Petites histoires
Le Chateau:
 
Fortifié d’une enceinte dès le Moyen Age et chapeauté d’un fort et d’un donjon, le village prit son allure actuelle au XVIe siècle, quand Henri de Rovilhasc reconstruisit le château dans le style de la renaissance, entre 1539 et 1544, englobant dans le nouvel édifice le vieux donjon du XIIe siècle. Ce château faillit cependant ne pas atteindre sa vingtième années, car en 1563, Barthélémy Bellon, commandant de la place, le livra sans combat aux protestants lors de leurs grand raid dans la région ; épargné d’un assaut grâce à cette trahison, le château fut ensuite sauvé du bombardement des catholiques par le manque de pugnacité des huguenots qui s’y étaient retranchés et qui préfèrent une fuite peu honorable à un siège peut-être perdu d’avance, quand ils virent, trois jours plus tard, Serbelloni- le propre neveu du pape accourir au secours des Barroussiais à la tête d’une trop nombreuse troupe. Si les deux siècles suivant furent traversés sans trop de vicissitudes par le château, la révolution et le XIXe siècle apportèrent leur lot habituel de dommages et d’abandons, aussi au début du XXè siècle n’était-il plus, comme beaucoup de ses collègues, qu’une ruine branlante ; il fut sauvé par M. Vayson-de-Pradennes, qui l’acheta en 1929 et le restaura pendant dix ans, remontant les murs, recréant les toitures crevées, ajoutant peut-être par-ci par-là quelques détails que les Rovilhasc n’avaient pas prévus, mais rétablissant ainsi l’édifice dans toute sa gloire.
Pour peu de temps hélas, car l’ironie du sort voulut que la restauration soit terminée en 1939, juste à temps pour la déclaration de guerre. Aussi quand en 1943 les allemands cherchèrent un pied à terre pour abriter les troupes qui traquaient les maquisards de la région, ils trouvèrent tout naturel de réquisitionner cette grosse bâtisse d’où l’on pouvait surveiller toute la vallée, ainsi que la route Vaison-la-Romaine-Carpentras et
où l’on se trouvait, derrière murailles et grilles, à l’abri de coups de mains ; le séjour de ces touristes un peu spéciaux ne dura pas indéfiniment, les aléas de la guerre les appelant ailleurs, mais quand ils partirent ils abandonnèrent dans leur cantonnement seigneurial paillasses et lits. Ce détails anodin allait à nouveau coûter la vie au château : en août 1944, lors de la débâcle des occupants, des maquisards ouvrirent le feu
sur des troupes qui refluaient par la route de Vaison-la-Romaine ; le lendemain, un détachement allemand envahit le village, que prudemment tous les hommes avaient évacué, n’y laissant qu’une quarantaine de femmes, enfants et vieillards ; en inspectant le château, les soldats découvrirent les vestiges du passage de leurs compatriotes, et croyant tenir ainsi la preuve qu’un camp de résistants s’étaient logés ici, ils  ncendièrent le château et pillèrent le malheureux village, laissant les lieux dans un état sensiblement peu différent de celui dans lequel Vayson-de-Pradennes les avait trouvés.
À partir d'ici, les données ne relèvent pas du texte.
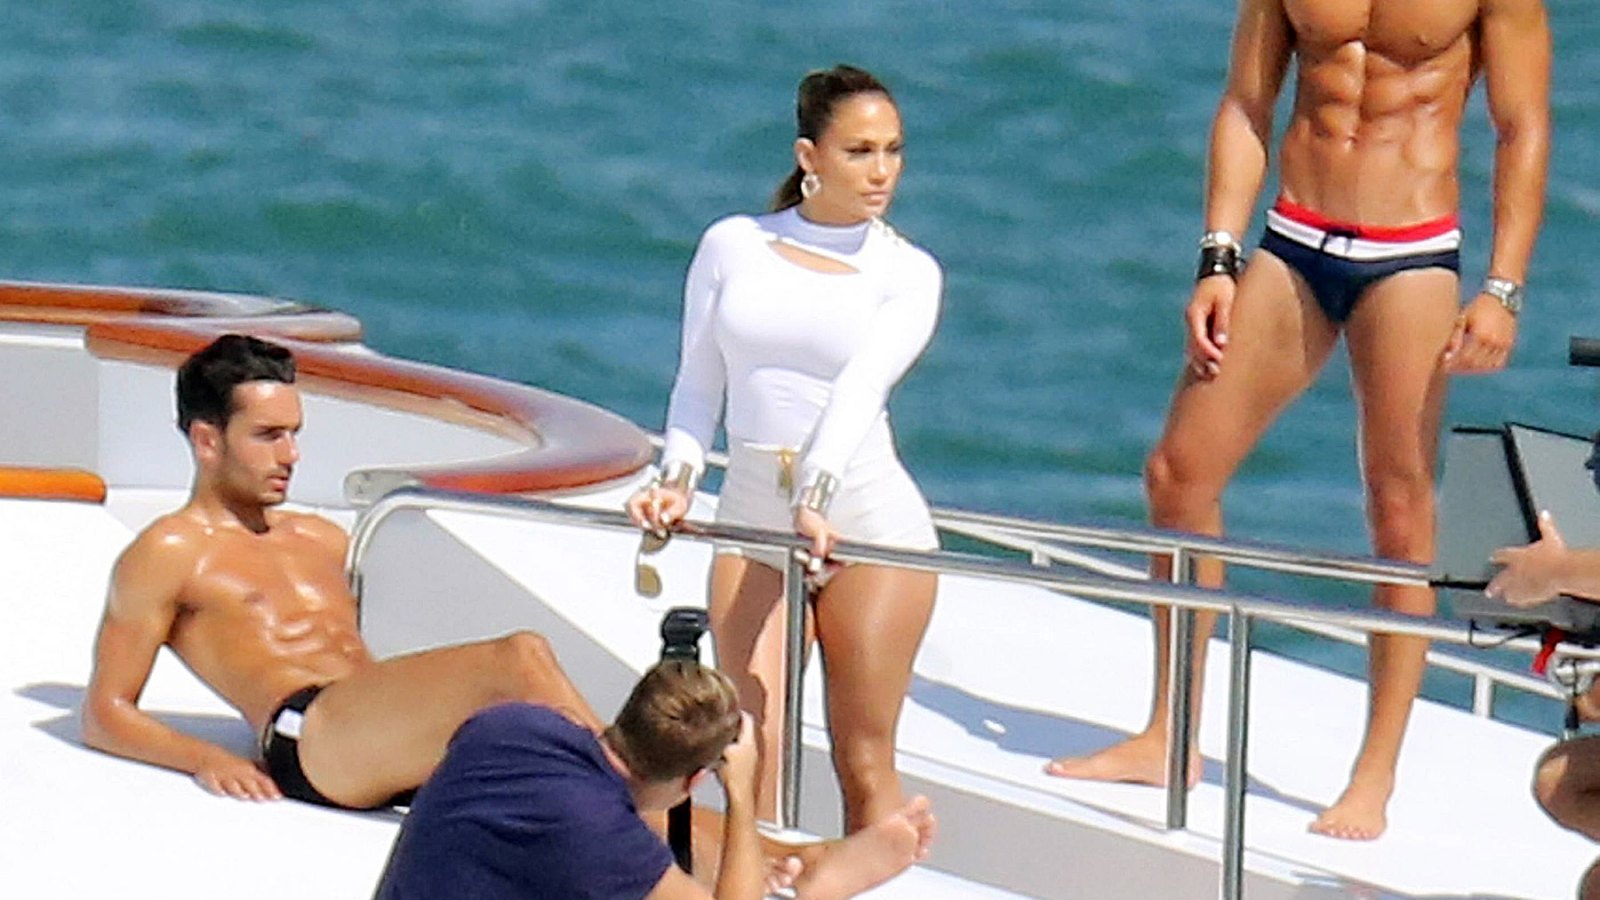 Jennifer Lopez films the We Are One World Cup music video
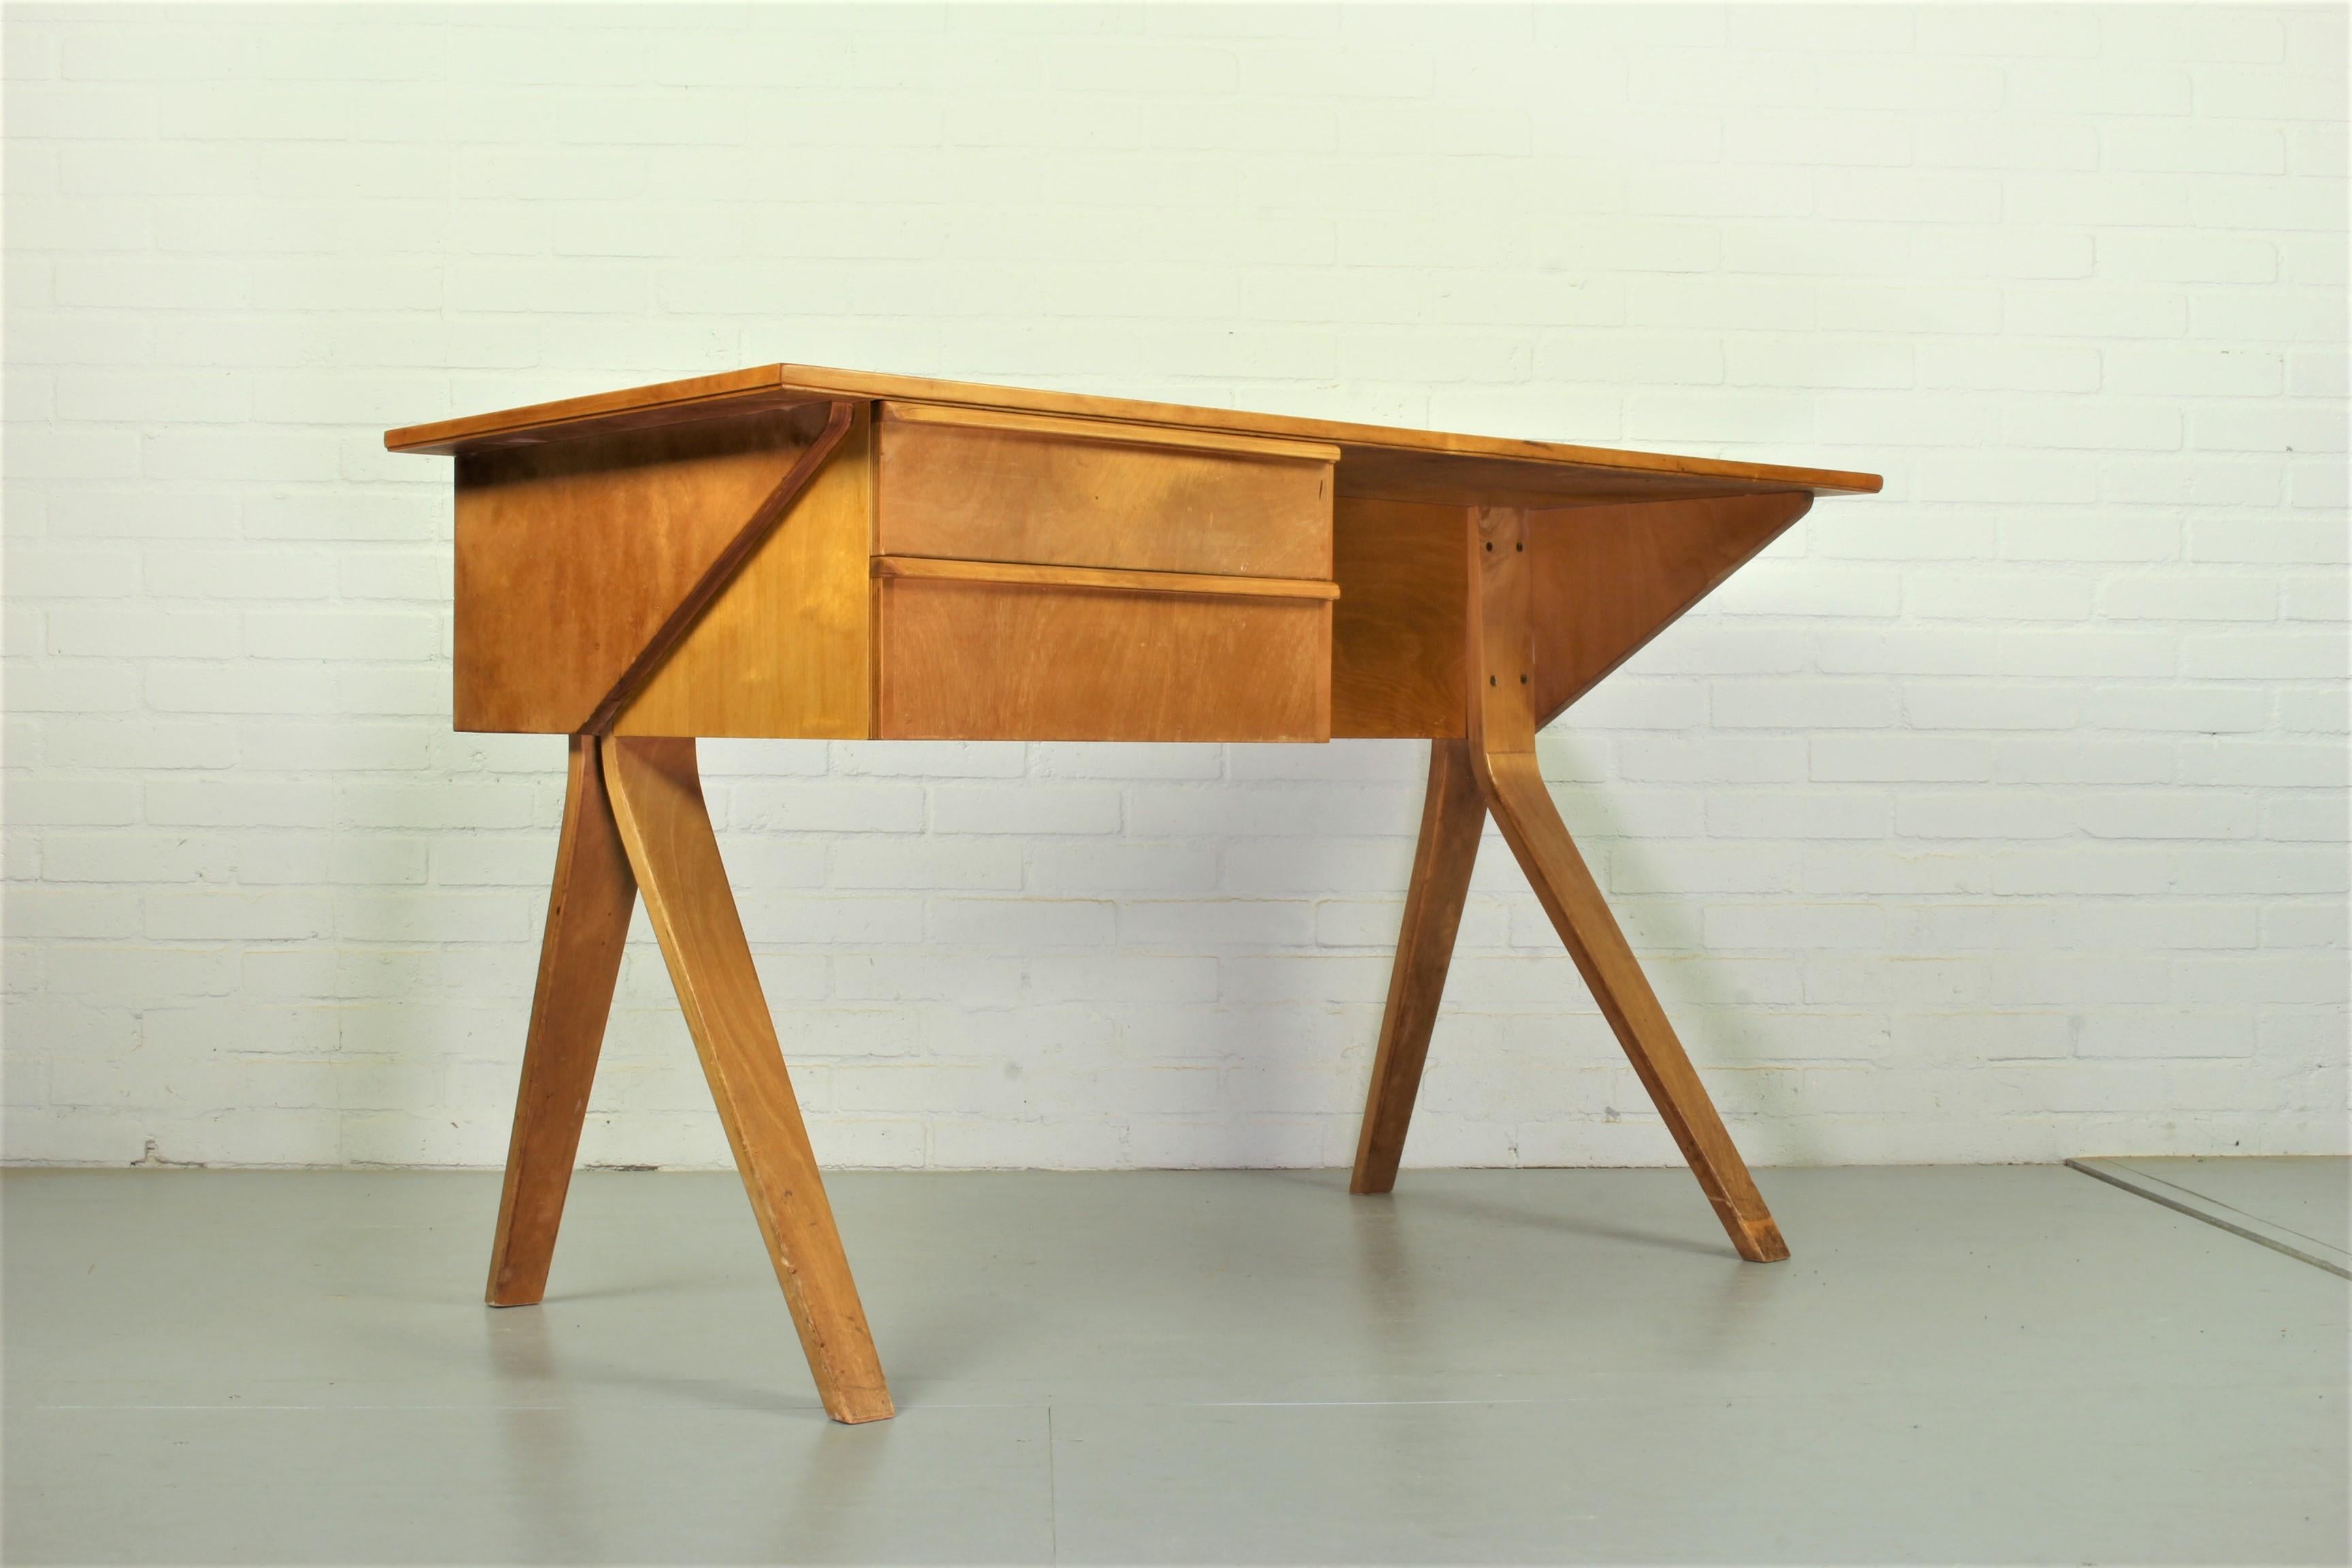 An early plywood model EB02 desk on splayed legs, designed by Cees Braakman for Pastoe, Netherlands, 1952. Braakman was the head designer at UMS Pastoe, Utrecht, one of the largest and most respected Dutch modernist furniture manufacturers of the

Et cependant, le miracle s’accomplit une seconde fois : le château fut à nouveau restauré et sauvé, et continue ainsi à offrir sa fantastique silhouette aux rêves et aux appareils photos des touristes.
 
L'aqueduc:
Vestige d’un aqueduc du XIXè siècle, aux arches reposant sur des cercles au lieu des piliers carrés ou rectangulaires conventionnels ?Après s’être effondré en 1945, il est partiellement restauré depuis 1997.
 
Le monastère:
 

Un peu au nord du Barroux, au sommet d’un mamelon merveilleusement bien situé pour embrassé d’un seul coup d’œil les Dentelles et le Ventoux, se dressent les anti-ruines d’une abbaye cistercienne du XIIè siècle : en effet depuis quelques années, une congrégation (intégriste ou dissidents selon les opinions) fait construire une copie des abbayes cisterciennes traditionnelles. Leur travail n’avance pas très vite mais il est très bien fait, et à l’époque où la partie d’habitation était encore en chantier et où tout le pays passait ses dimanches à y déambuler, on pouvait voir que si l’extérieur était de type roman, les chemins de câbles électriques et les gaines techniques n’avaient rien à envier aux navettes spatiales. L’histoire de cette congrégation est étonnante, car elle débuta vers le milieu des années 1960 par l’installation, à la petite église romane Ste Madeleine de Bédoin, de   l’abbé et d’un seul frère. Ce micro-couvent, où l’on pratiquait encore le rite catholique traditionnel avec des messes interminables en latin et des fumées d’encens, attira des vocations de plus en plus nombreuses, et ainsi peu à peu un véritable monastère vit le jour. Ceux qui ont connu la Madeleine de l’époque se  rappelleront sans doute ces irréalistes messes de minuit débutant par une veillée sous les étoiles autour d’un feu, tandis que les agneaux bêlaient en arrière-plan et que leurs sonnailles tintaient dans les fumées et les chants ; on était transporté en dehors du temps. Plus ou moins chassés de la Madeleine de Bédoin quand l’Eglise fut presque au bord d’une nouvelle rupture entre partisans des curés en jeans et ceux des curés en soutane, les moines achetèrent un grand terrain au Barroux, pour y construire leur rêve et y réimplanter une nouvelle Sainte Madeleine. Leur présence est inégalement appréciée dans la région : mais leurs messes font salle comble tous les dimanches. Quelle que soit votre opinion religieuse allez voir ce monastère, c’est une curiosité architecturale et un de ces défis fous dont on a perdu le secret.

Infos

- une rando en doublon pour La Clavelière proposée par Jean le dim. 30/4

- le programme du « Printemps du Toulourenc » des 29 et 30/4

- A qui la paire de gants rouges prêtés à Giselle Musicien lors de la St jean au Ventoux en juin 2016 ?

 

 

Samedi prochain 22 avril aura lieu la 5ème édition du Rando Challenge à Peypin d’Aigues à côté de Pertuis (Luberon).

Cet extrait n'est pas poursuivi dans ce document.